A practical guide to the Kubernetes GPU management stack in 2026, covering operator setup, metrics, autoscaling, and the commands teams actually run.

GPU waste is the quiet budget problem that compounds in silence. Production Kubernetes clusters run at 30–40% average GPU utilization, according to infrastructure benchmarks from cloud providers and MLOps teams. An idle H100 on GKE costs roughly $30 per day — before you add storage, networking, and operator overhead. At scale, that idle capacity turns into a six-figure annual burn without a single additional workload running.

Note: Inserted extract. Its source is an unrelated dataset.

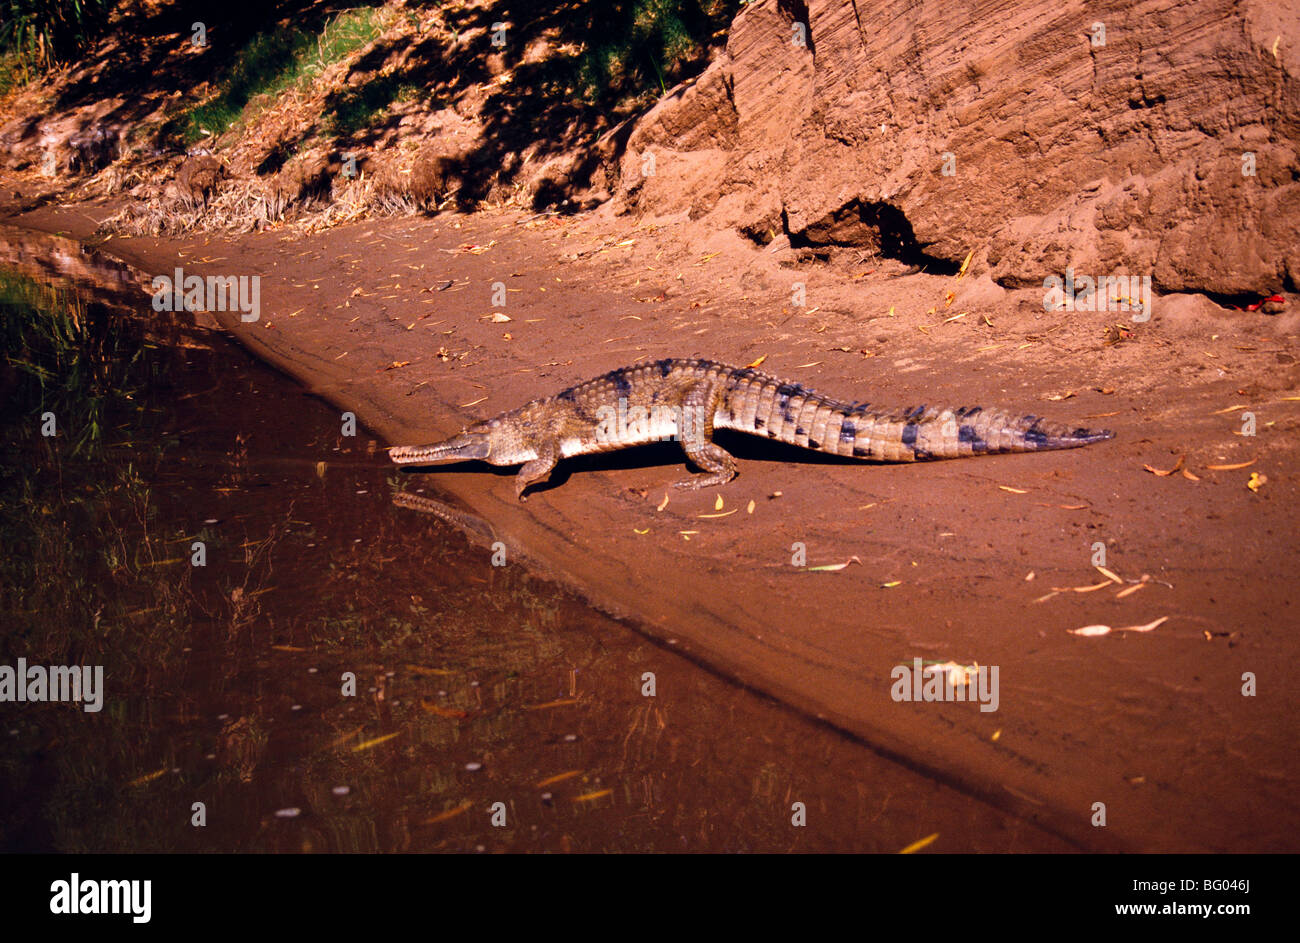 Freshwater crocodile, Australia Stock Photo

The good news: the tooling stack for GPU management on Kubernetes has largely stabilized by 2025 and 2026. The NVIDIA GPU Operator handles installation end-to-end. DCGM Exporter feeds utilization metrics to Prometheus. Karpenter handles node-level autoscaling with GPU-aware instance selection. And two techniques that spent years in beta — GPU time-slicing and Multi-Instance GPU (MIG) — are now production-stable and in widespread use on A100 and H100 hardware.

This article walks through each layer of that stack, with the actual kubectl commands engineers run to install, verify, debug, and operate every tool.

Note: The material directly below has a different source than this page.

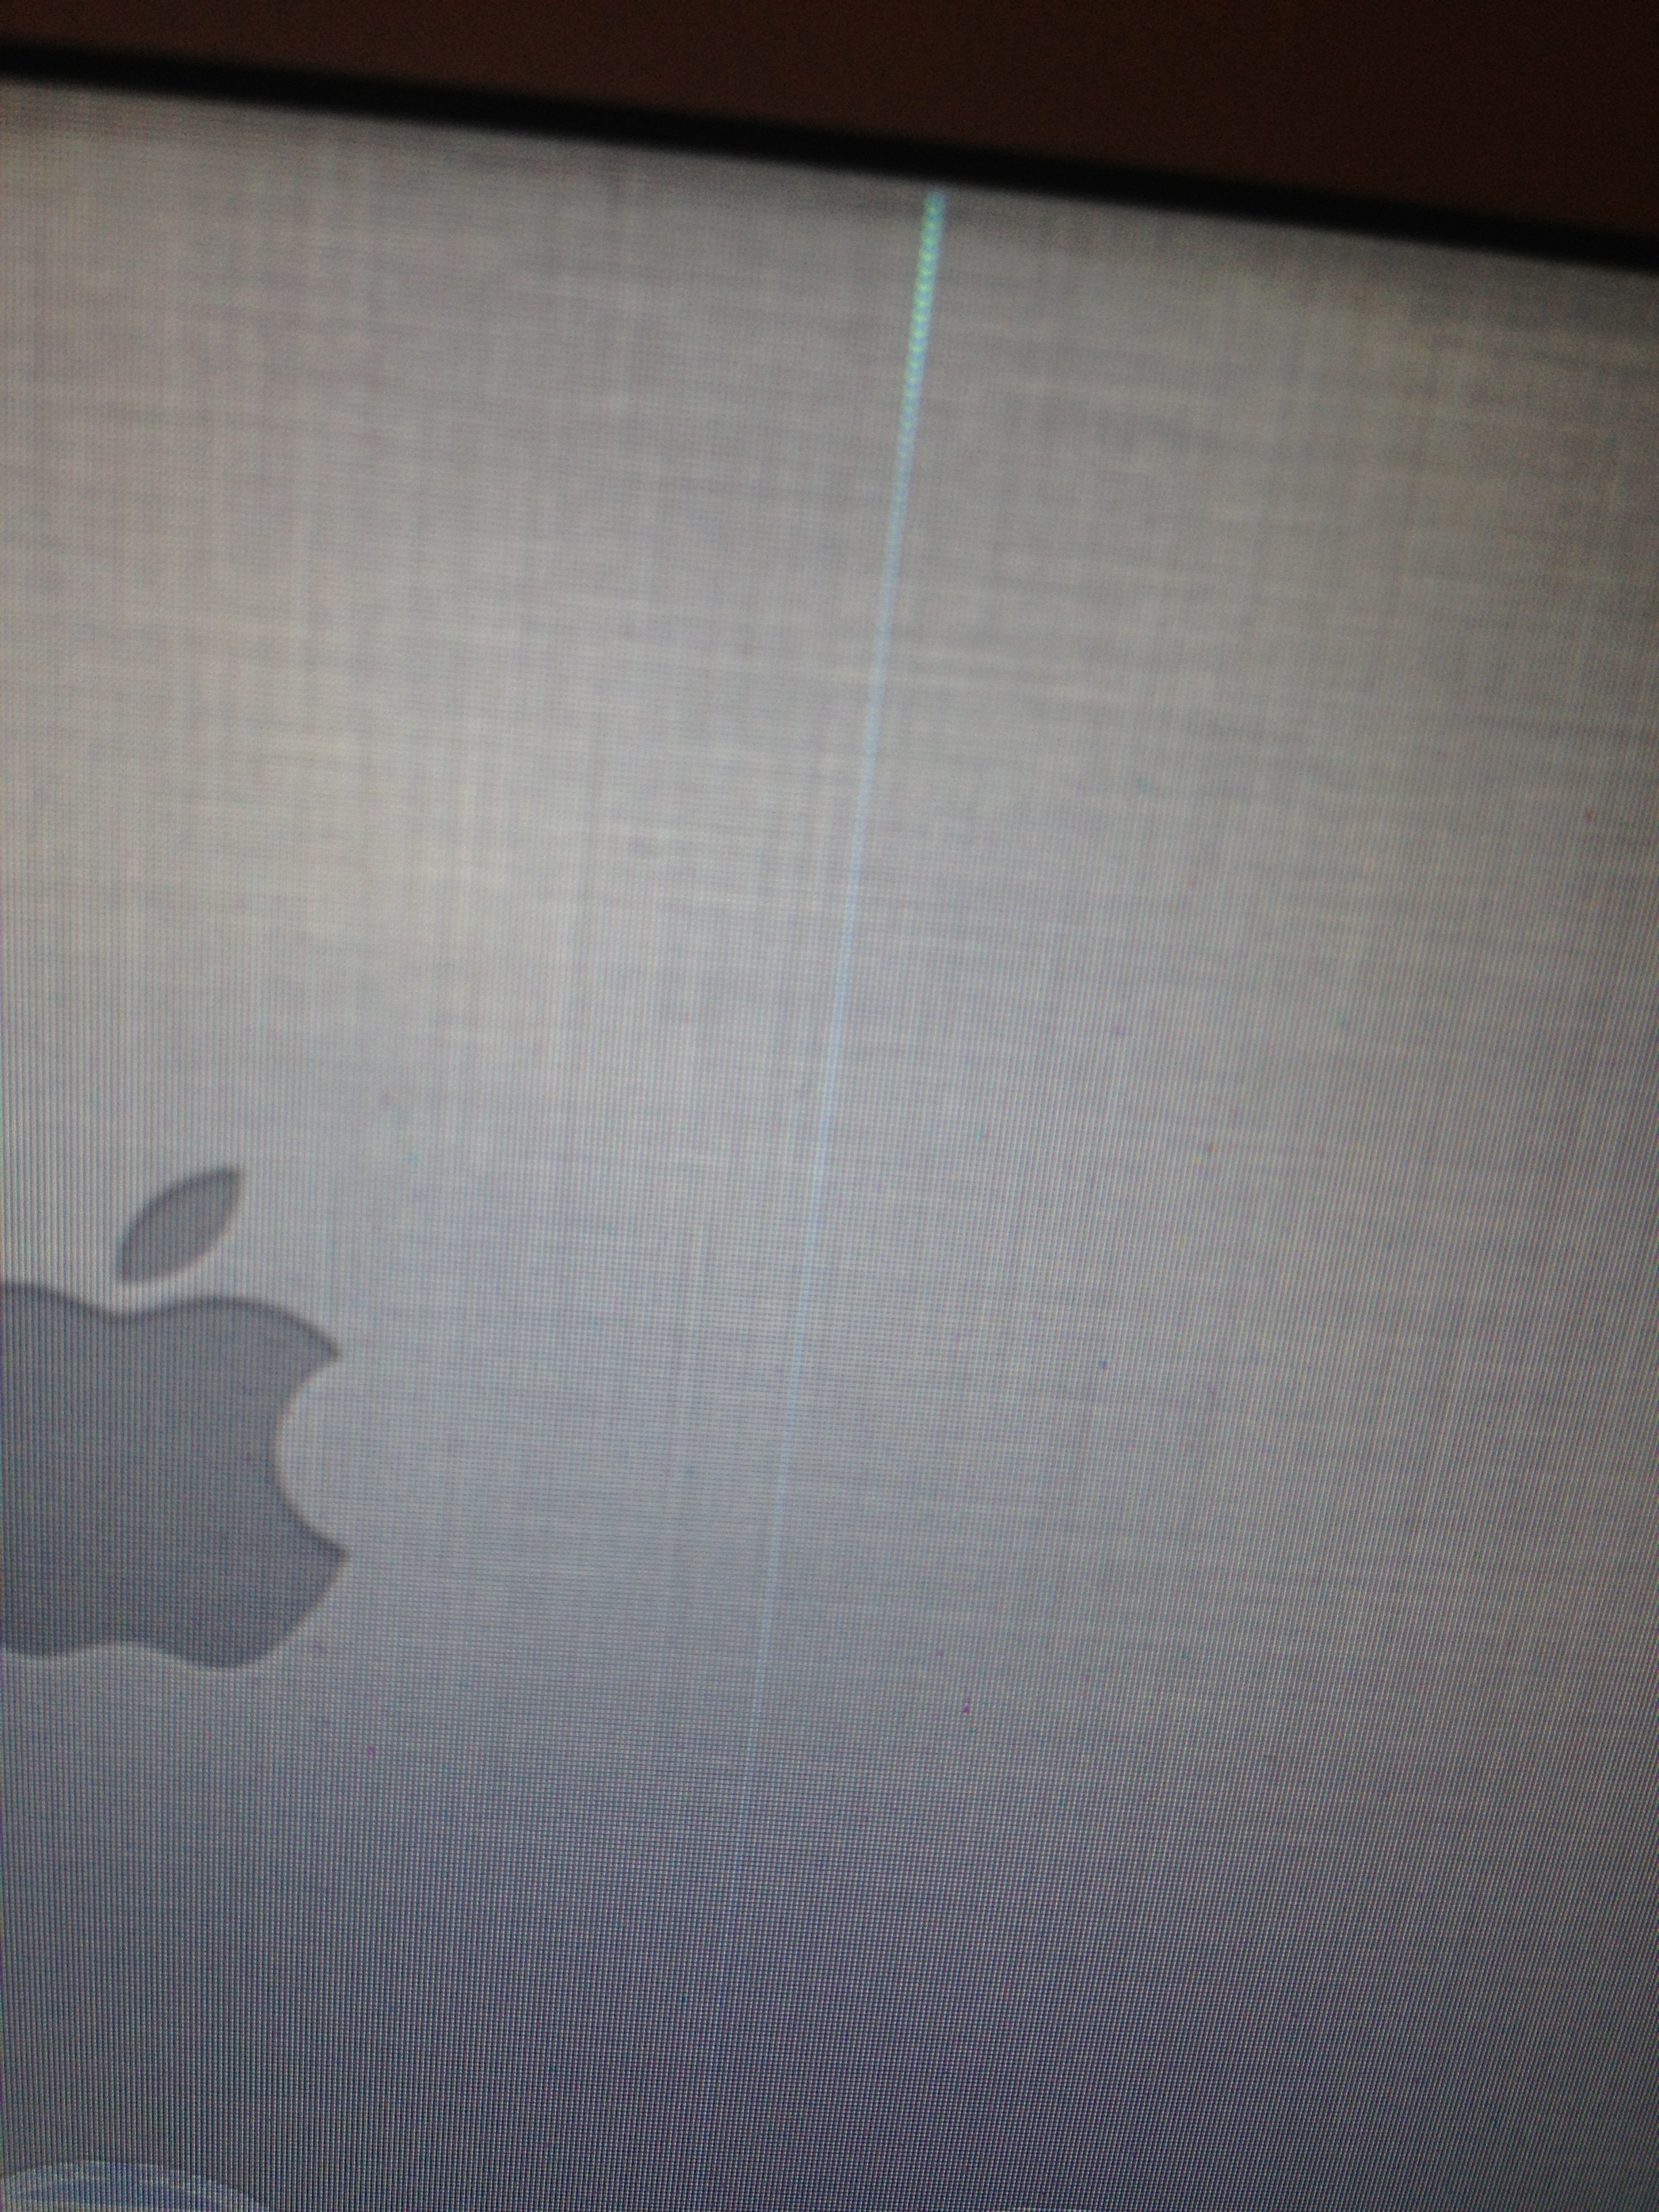  apple macbookair ekraninda cizgi

Layer 1: NVIDIA GPU Operator — Installation and Verification

The GPU Operator is the starting point for any managed GPU stack on Kubernetes. Before it existed, enabling GPUs on a node required manually installing drivers, the NVIDIA container toolkit, the device plugin, and the DCGM exporter — often in the wrong order, with version mismatches causing silent failures. The GPU Operator collapses that into a single Helm chart.

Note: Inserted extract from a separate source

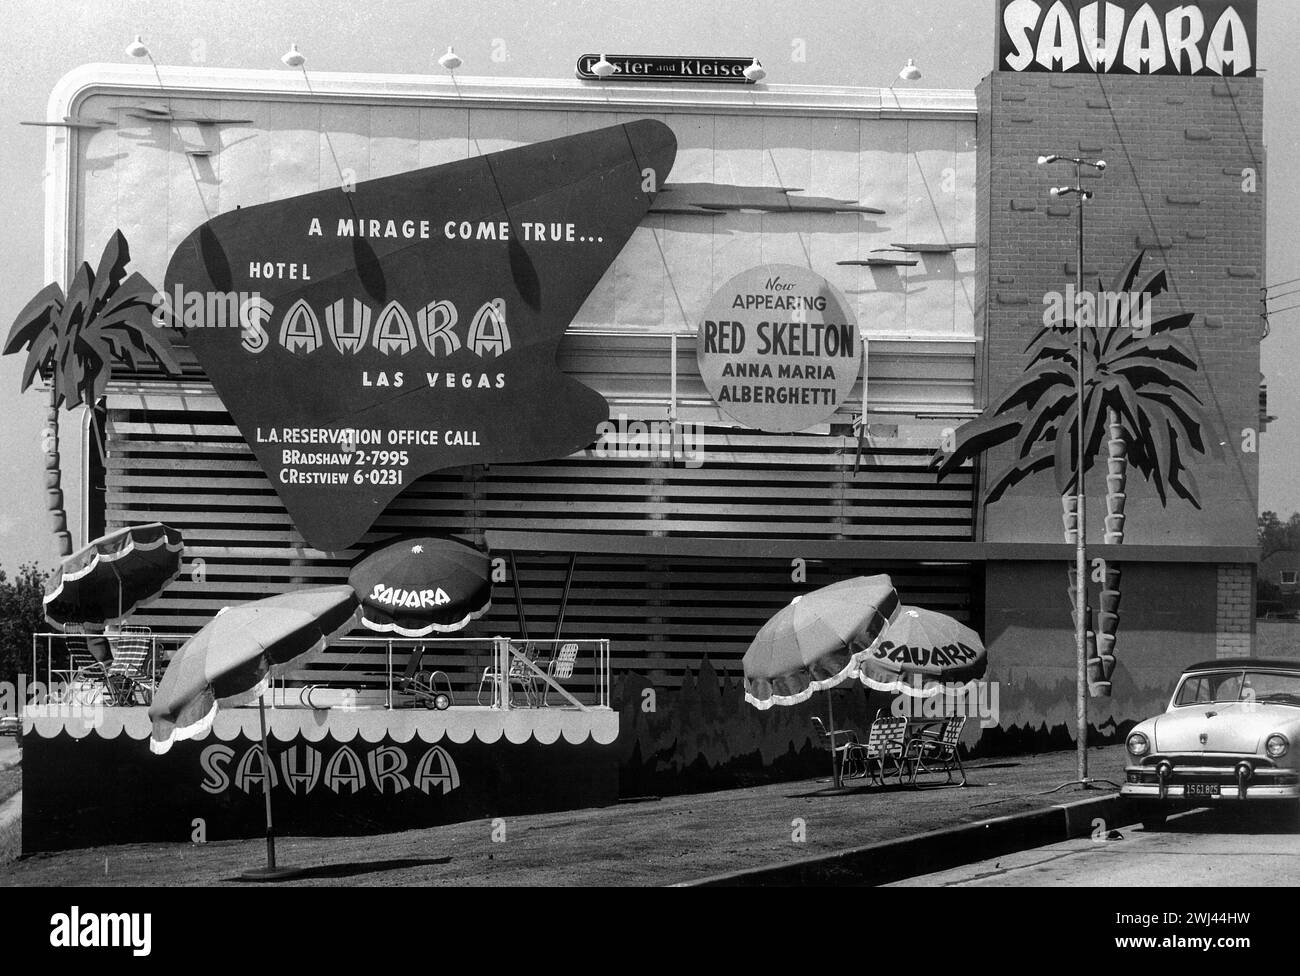 Sahara Hotel, Las Vegas, cartellone, piscina, 1953, Sunset Strip, West Hollywood, Los Angeles, California, Stati Uniti, America, America, auto, Classic, vintage, storico, anni '1950 Foto Stock

The Operator runs as a set of DaemonSets and manages the full lifecycle: driver installation, container runtime patching, device plugin configuration, and metrics export. If you are starting fresh on a GPU cluster in 2025 or 2026, the GPU Operator is the correct install path. Manual component installs are now a legacy pattern.

Install the GPU Operator via Helm:

# Add the NVIDIA Helm repository
helm repo add nvidia https://helm.ngc.nvidia.com/nvidia
helm repo update

# Install GPU Operator — handles driver, toolkit, device plugin, and DCGM in one chart
helm install gpu-operator nvidia/gpu-operator \
  -n gpu-operator \
  --create-namespace \
  --set driver.enabled=true \
  --set toolkit.enabled=true \
  --set devicePlugin.enabled=true \
  --set dcgmExporter.enabled=true

Verify all components are running:

# Check all GPU Operator pods are healthy
kubectl get pods -n gpu-operator

# Confirm DaemonSets are fully scheduled
kubectl get daemonset -n gpu-operator

# Verify GPU resources are visible on nodes
kubectl get nodes -o json | \
  jq '.items[] | {name: .metadata.name, gpu: .status.capacity["nvidia.com/gpu"]}'

# Check node labels applied by GPU Feature Discovery
kubectl get nodes --show-labels | grep "nvidia.com"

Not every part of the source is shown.